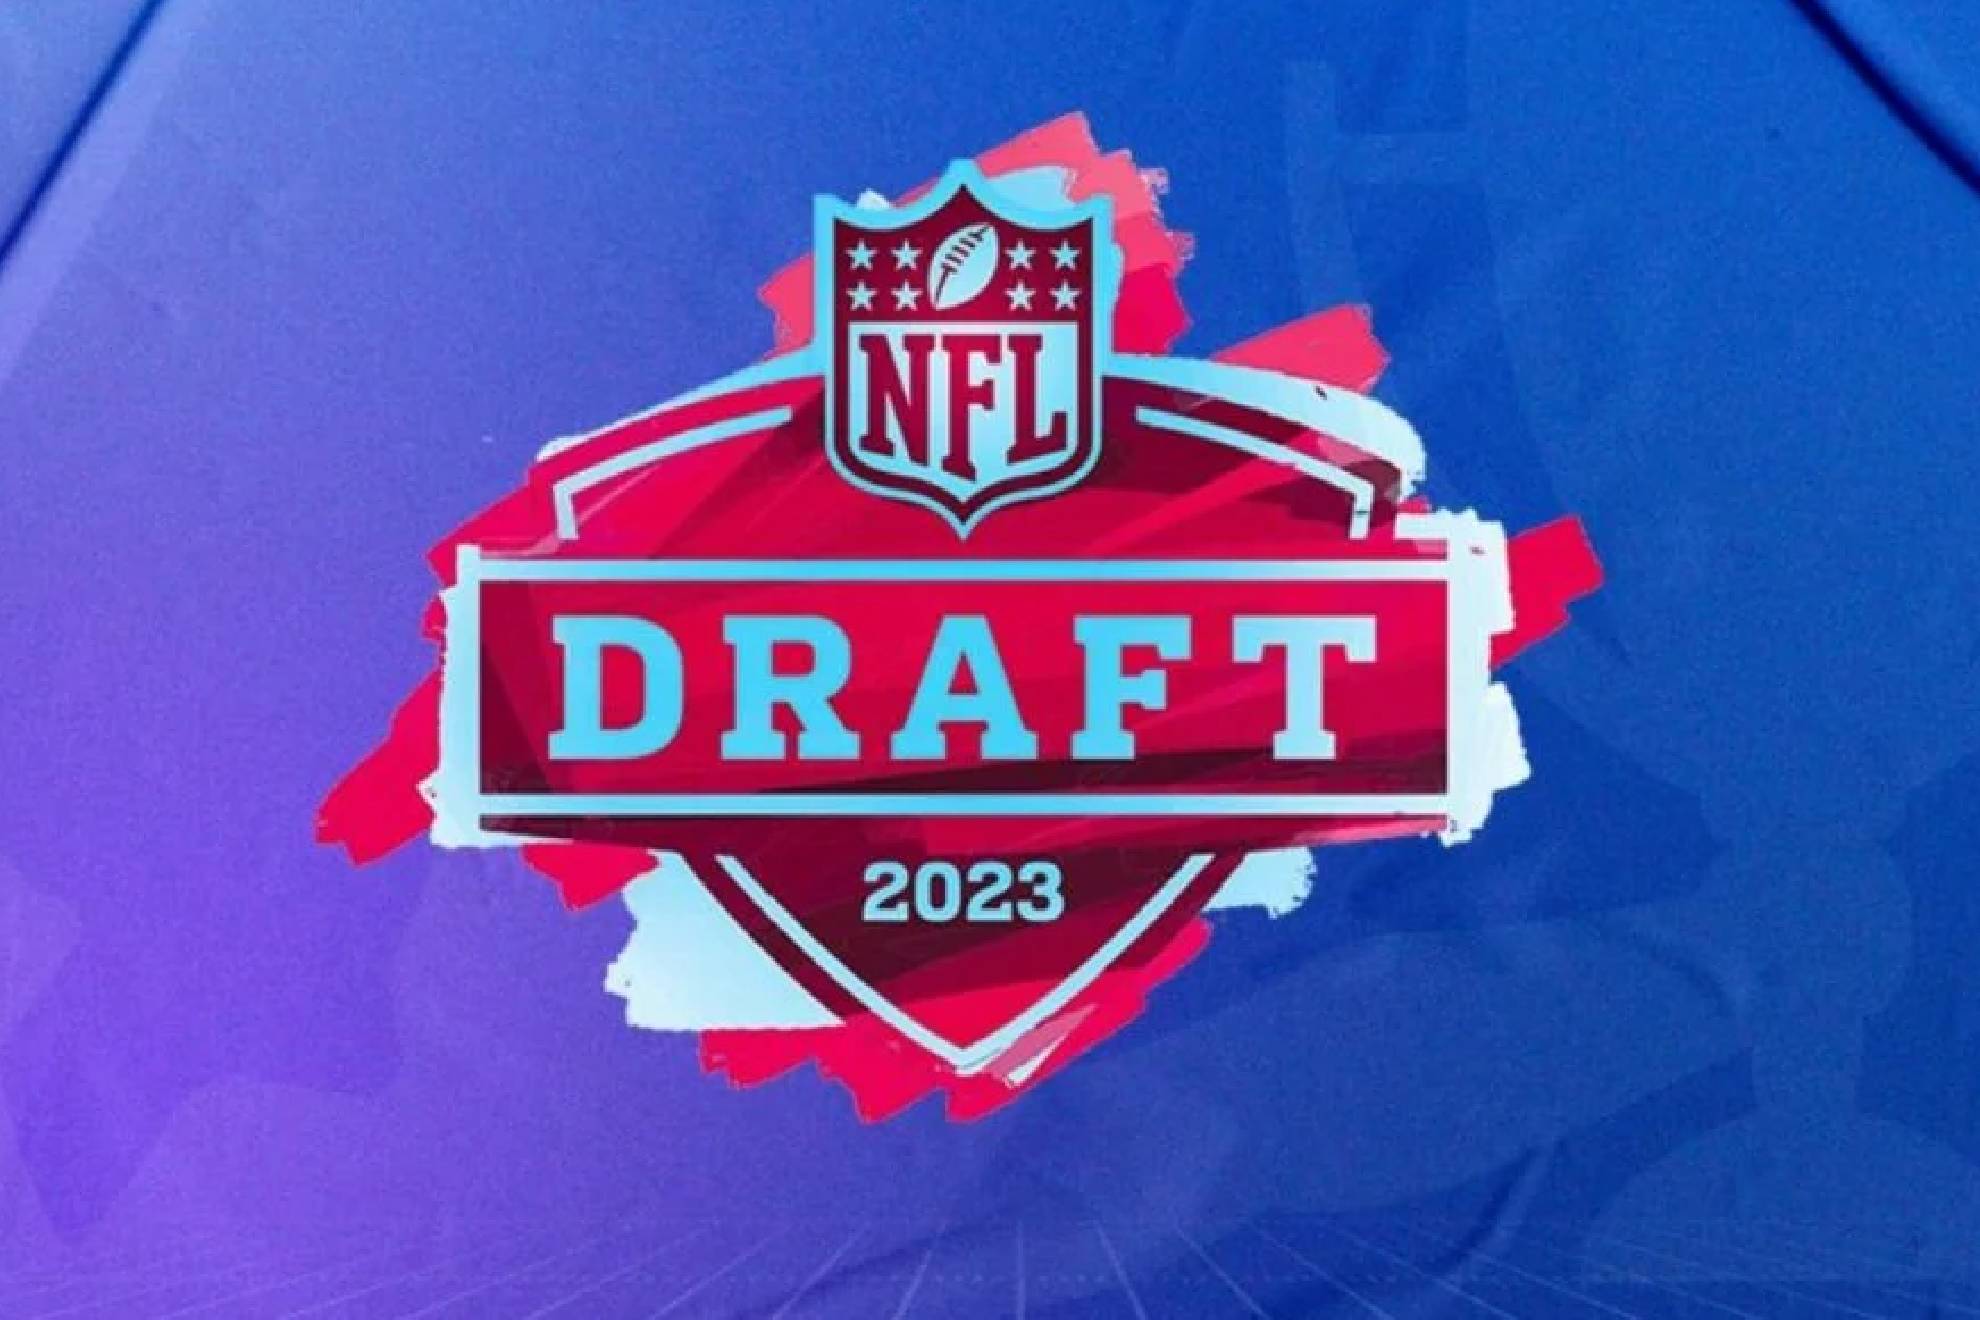 La NFL realiza su esperado Draft rumbo a la temporada 2023.
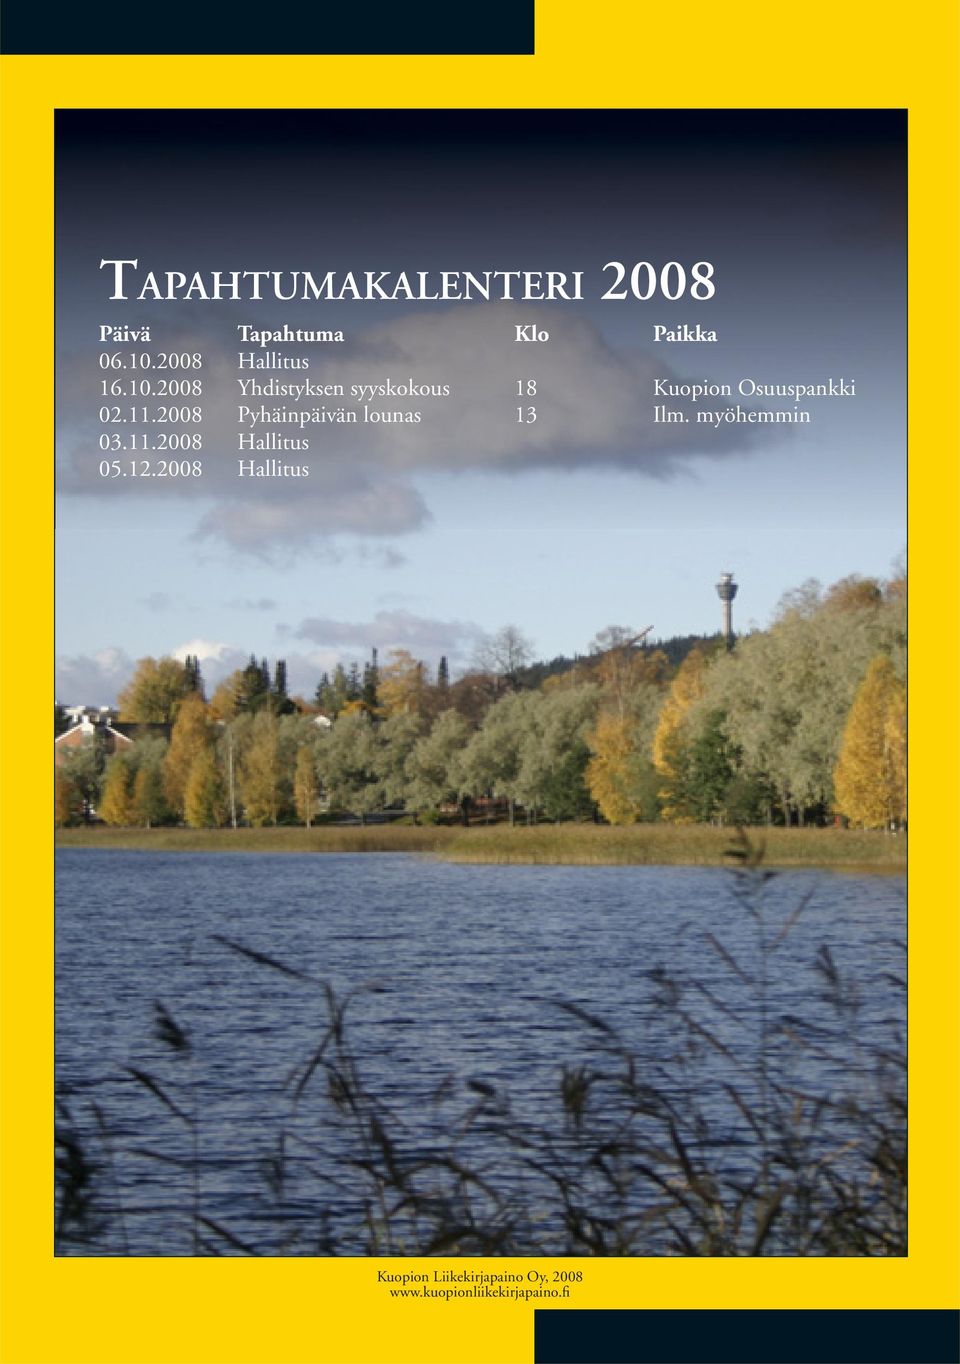 2008 Yhdistyksen syyskokous 18 Kuopion Osuuspankki 02.11.
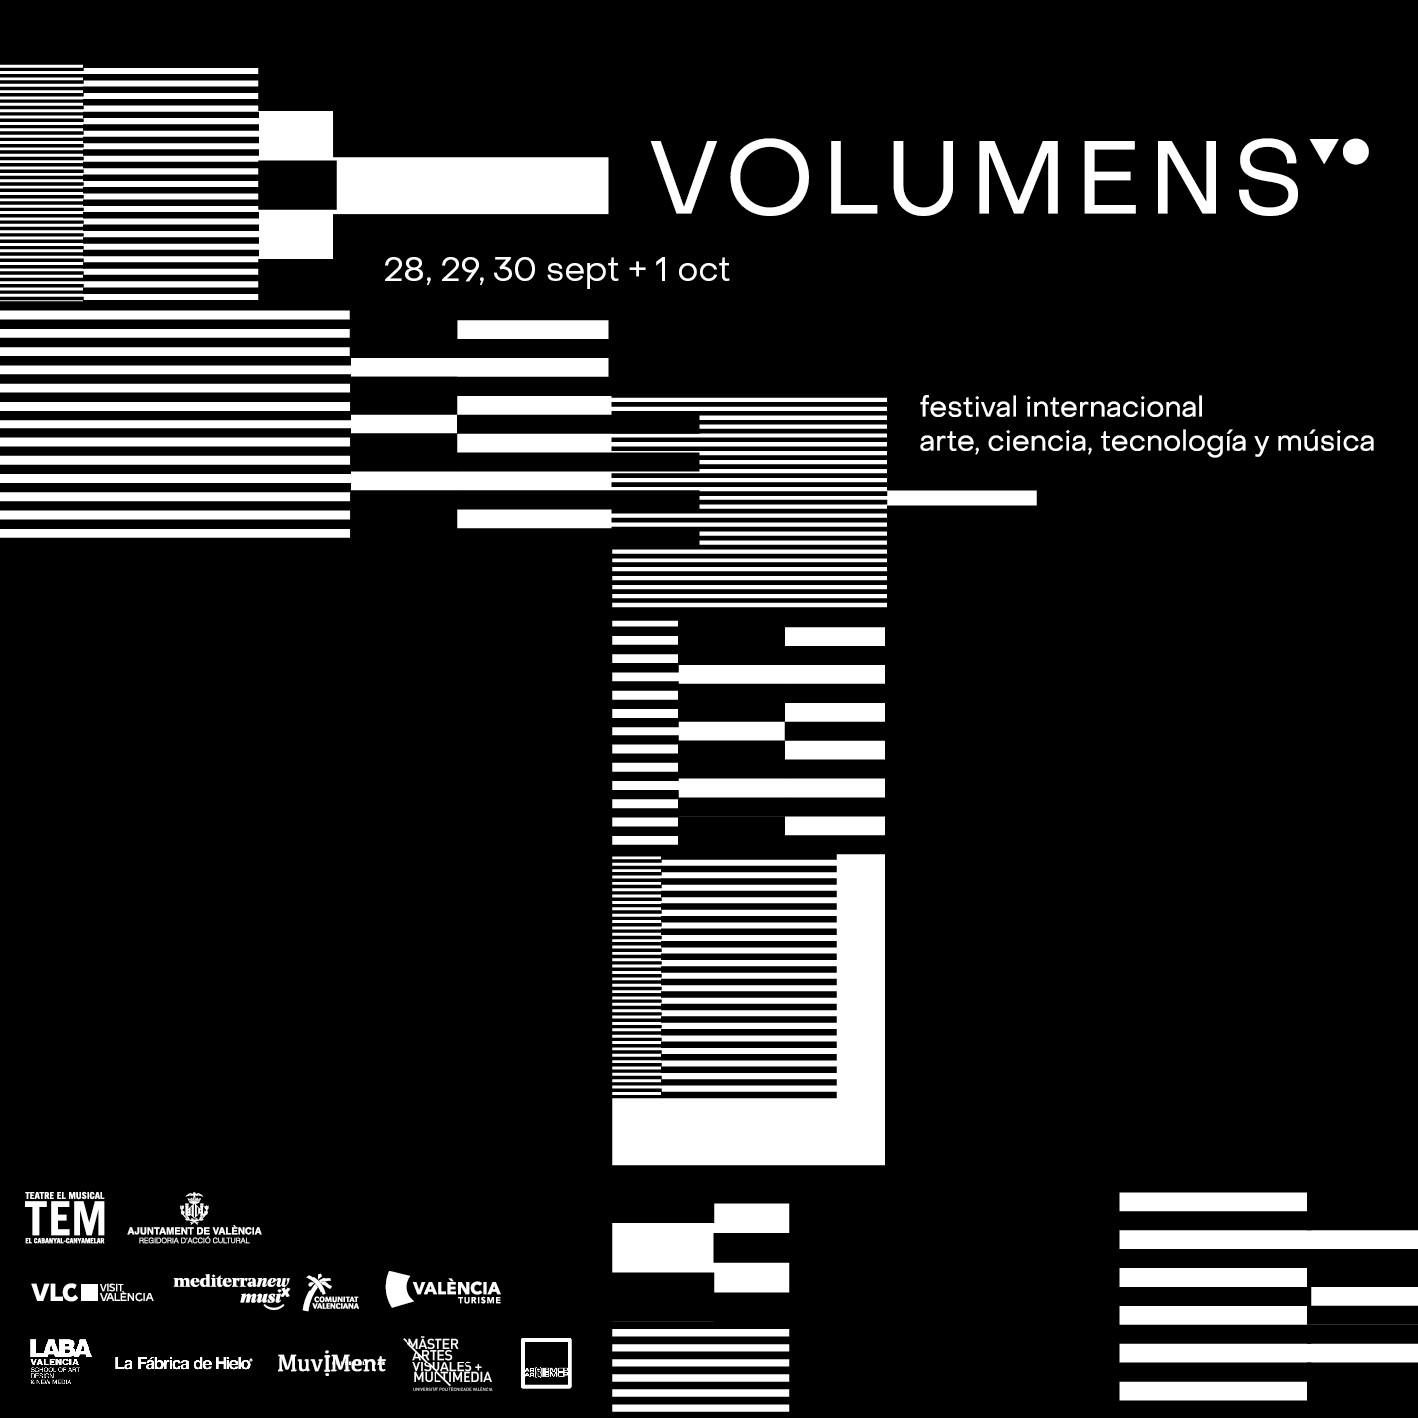 La sexta edición del festival VOlumens se celebrará del 28 de septiembre al 1 de octubre en varios espacios de la ciudad

**Your goal**
Each line above should be written out again exactly, and no picture should appear in the copy.

**Task output**
 La NFL realiza su esperado Draft rumbo a la temporada 2023.
 2008 Yhdistyksen syyskokous 18 Kuopion Osuuspankki 02.11.
 La sexta edición del festival VOlumens se celebrará del 28 de septiembre al 1 de octubre en varios espacios de la ciudad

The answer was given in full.